Crisis Management Everything for supply

von Jan Mende, Jörg Rode, Hendrik Varnholt, Mathias Himberg, Werner Tewes und Bernd Biehl
Freitag, 20. März 2020
The food industry is largely regarded as systemically relevant.
imago images / Starface
The food industry is largely regarded as systemically relevant.
The corona crisis has put Germany in a state of emergency, and the food industry is right in the middle of it. The sector plays a key role in supplying the country. On a daily base, politicians and retail managers exchange information about production, warehousing and supermarkets.

The food sector is largely considered to be systemically relevant in maintaining the basic supply for German consumers, who have been severely restricted in their lives since this week. While electronics or fashion chains, perfumeries and department stores had to close on Wednesday in most federal states, supermarkets, discounters, hypermarkets and drugstores are to be allowed to open on Sundays in future.

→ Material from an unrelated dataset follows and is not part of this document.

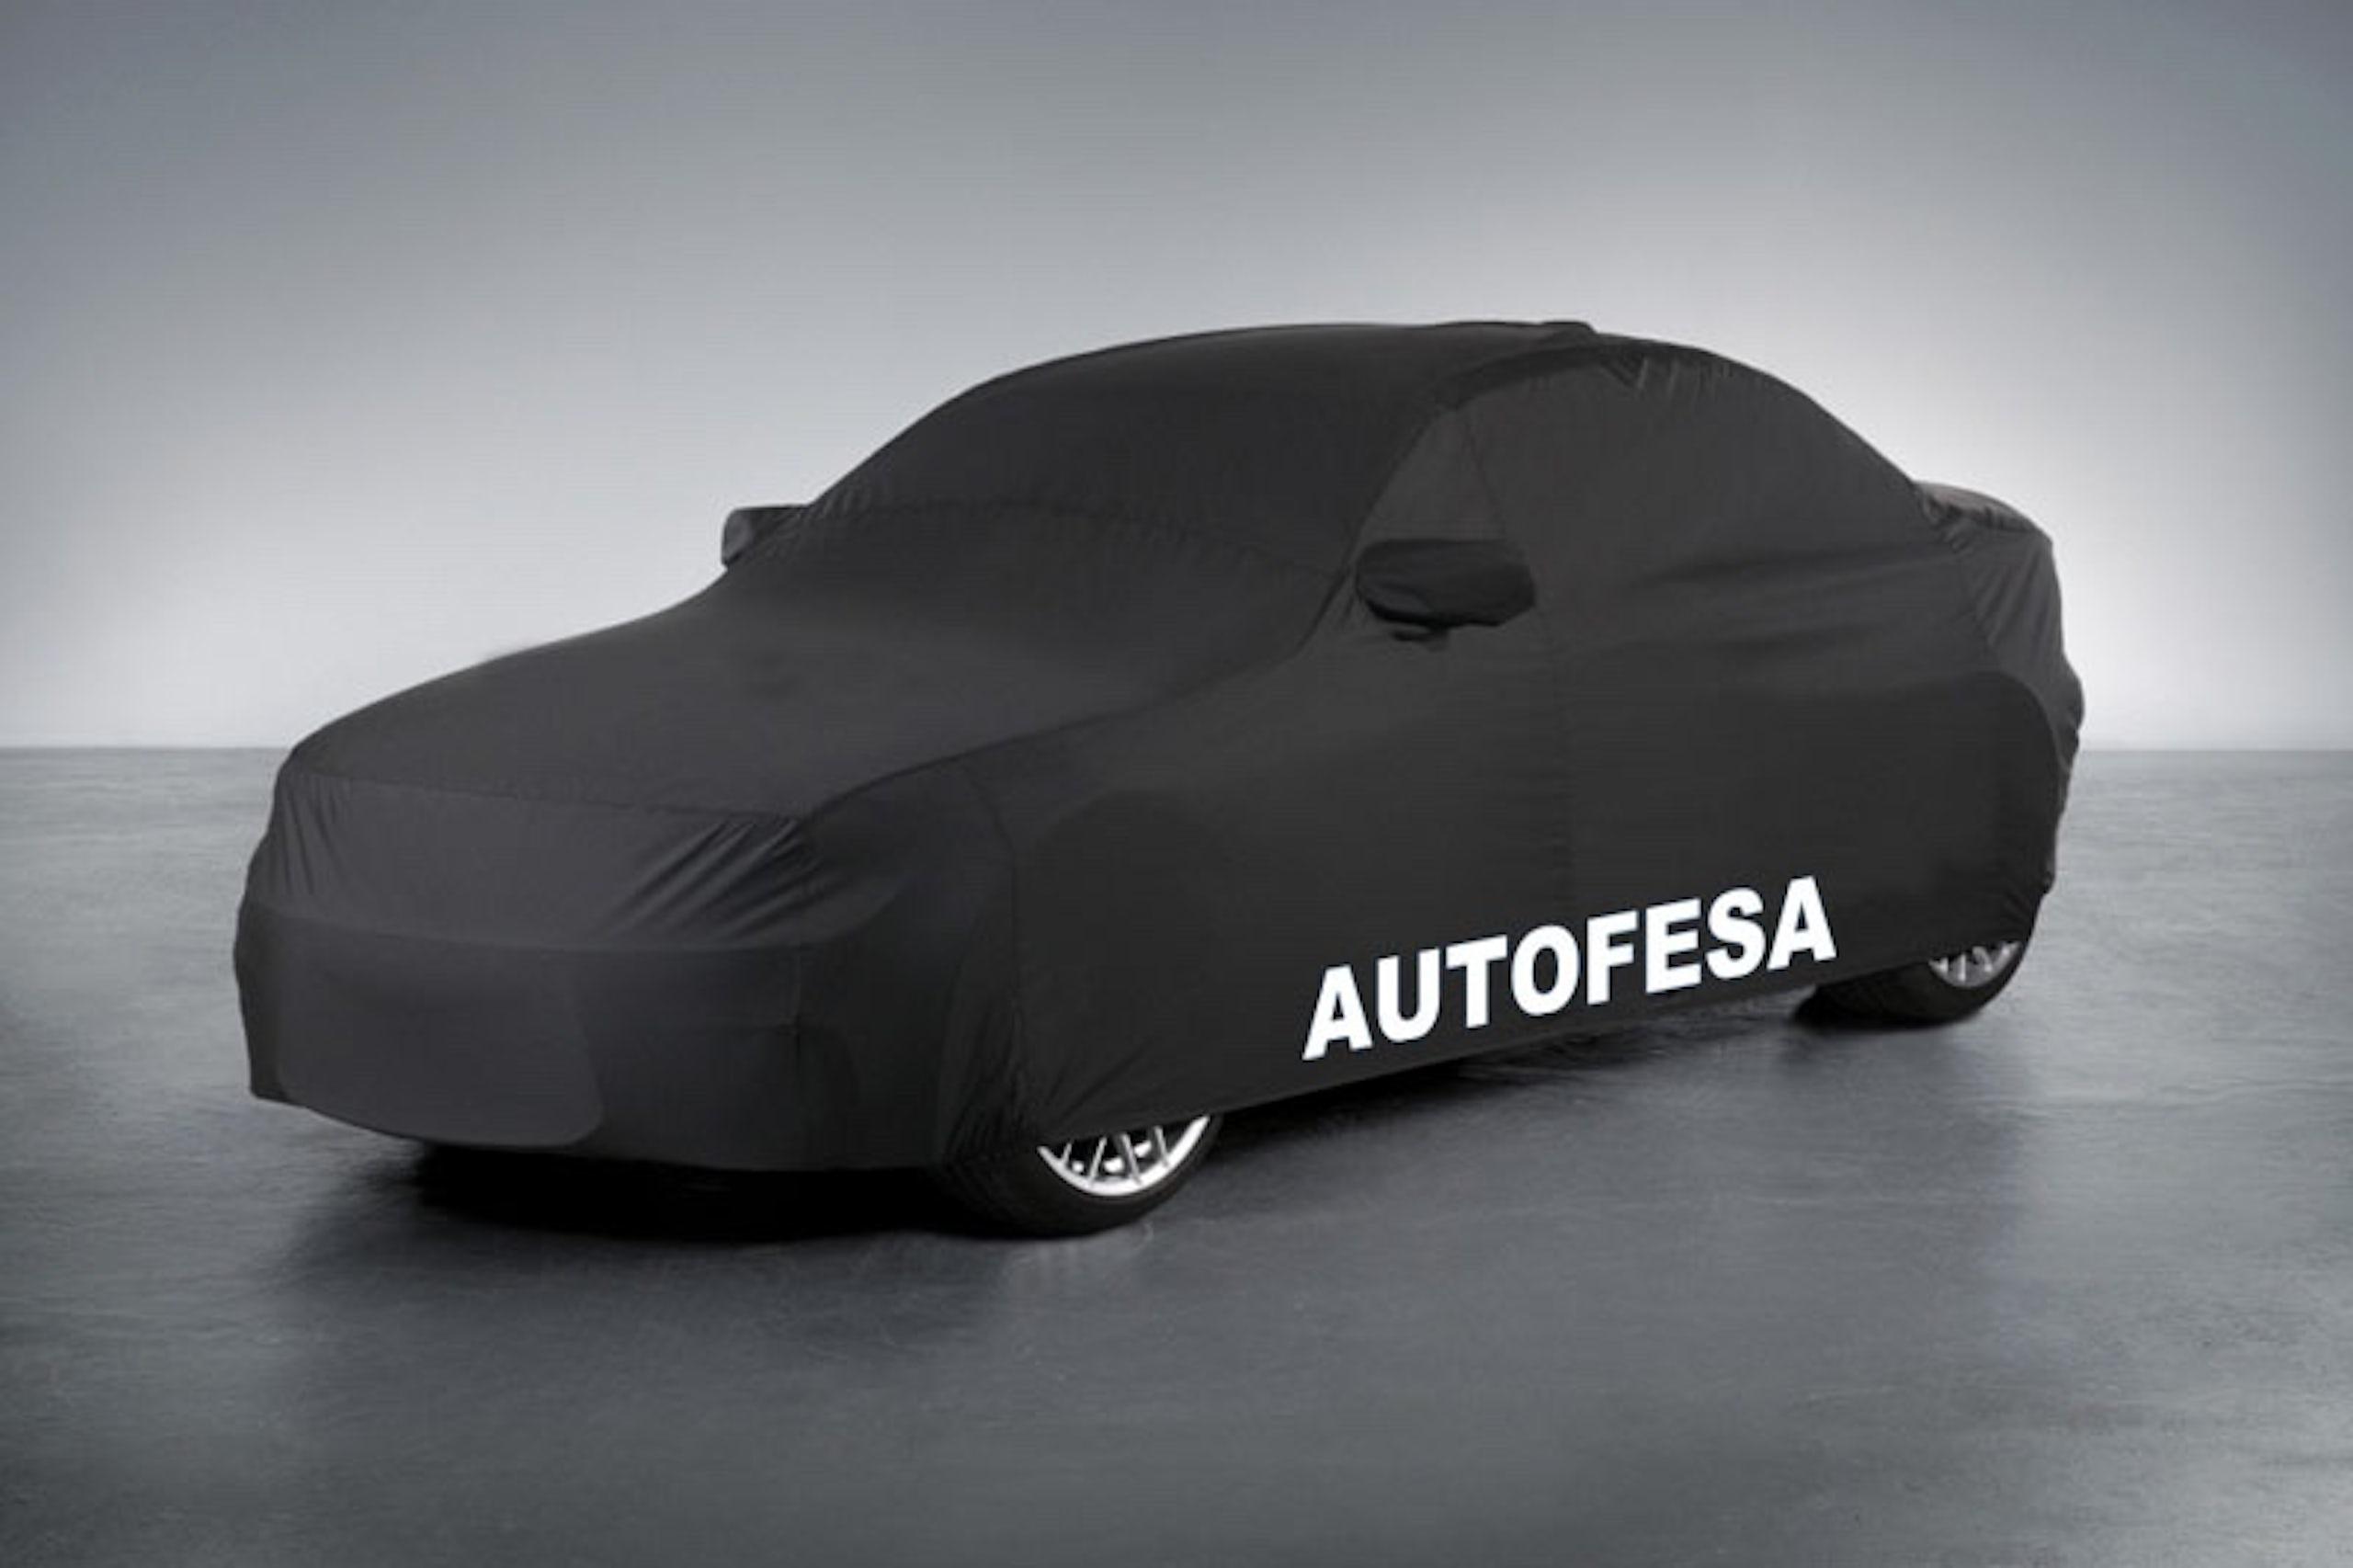 Fotos del Peugeot Satelis 500 SATELIS 500Exterior 1

State and federal politicians are working with top managers of the food industry on crisis plans. The CEOs of the major retail companies Edeka, Rewe, Schwarz Group, Aldi and Metro are in almost daily telephone conferences with the ministries. Sunday openings are not yet on the agenda as retailers are already lacking staff.

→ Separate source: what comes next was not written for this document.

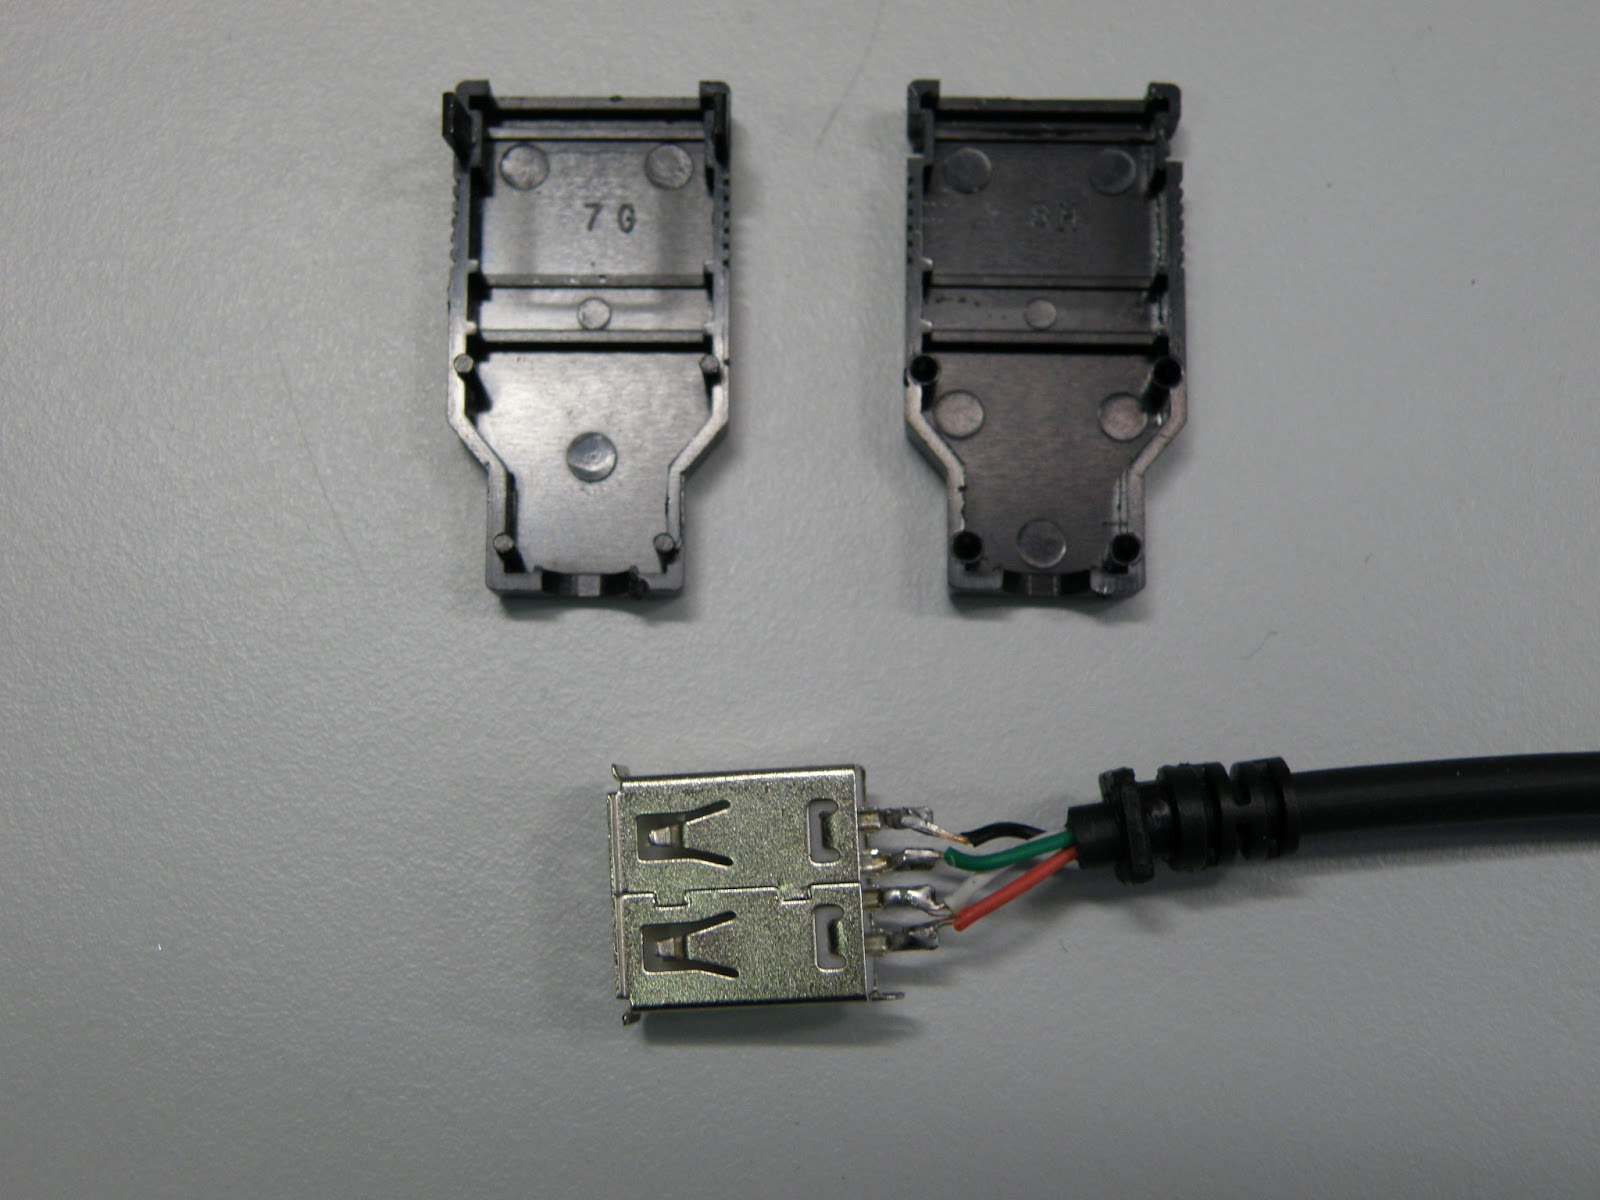 alexey s lavrov 2012 rh lexslavrov blogspot com Micro USB Wiring -Diagram USB Connection Wiring Diagram

At one stage it was discussed whether the German army, the Bundeswehr, could be integrated into logistical processes. But experts are critical - at least as far as vehicles are concerned. After all, they are unsuitable without a lifting platform and would only create chaos. However, soldiers could be deployed as truck drivers. At the moment, almost all retailers are using additional service providers to ensure deliveries to their stores. On the other hand, non-food retailers and car manufacturers suffered a number of cancellations, which means that certain capacities could be diverted.

Staff urgently wanted

Everyone is desperate for staff. On Wednesday, Rewe boss Lionel Souque asked employees from the administration to come to the sales front for supermarkets Penny and Rewe. The local staff cannot keep up with the refilling. Edeka turns to colleagues from the catering business. At their checkouts, Rewe and Aldi are testing protective walls made of Plexiglas.

Beverage giant Coca-Cola is reducing its sales force, but let them help out on-site if possible. The manufacturers of extremely popular articles are running extra shifts to ensure supply. Companies such as Oetker and Iglo confirm their delivery reliability for pizza and fish sticks, but are also working on plans to possibly concentrate on certain fast-moving items.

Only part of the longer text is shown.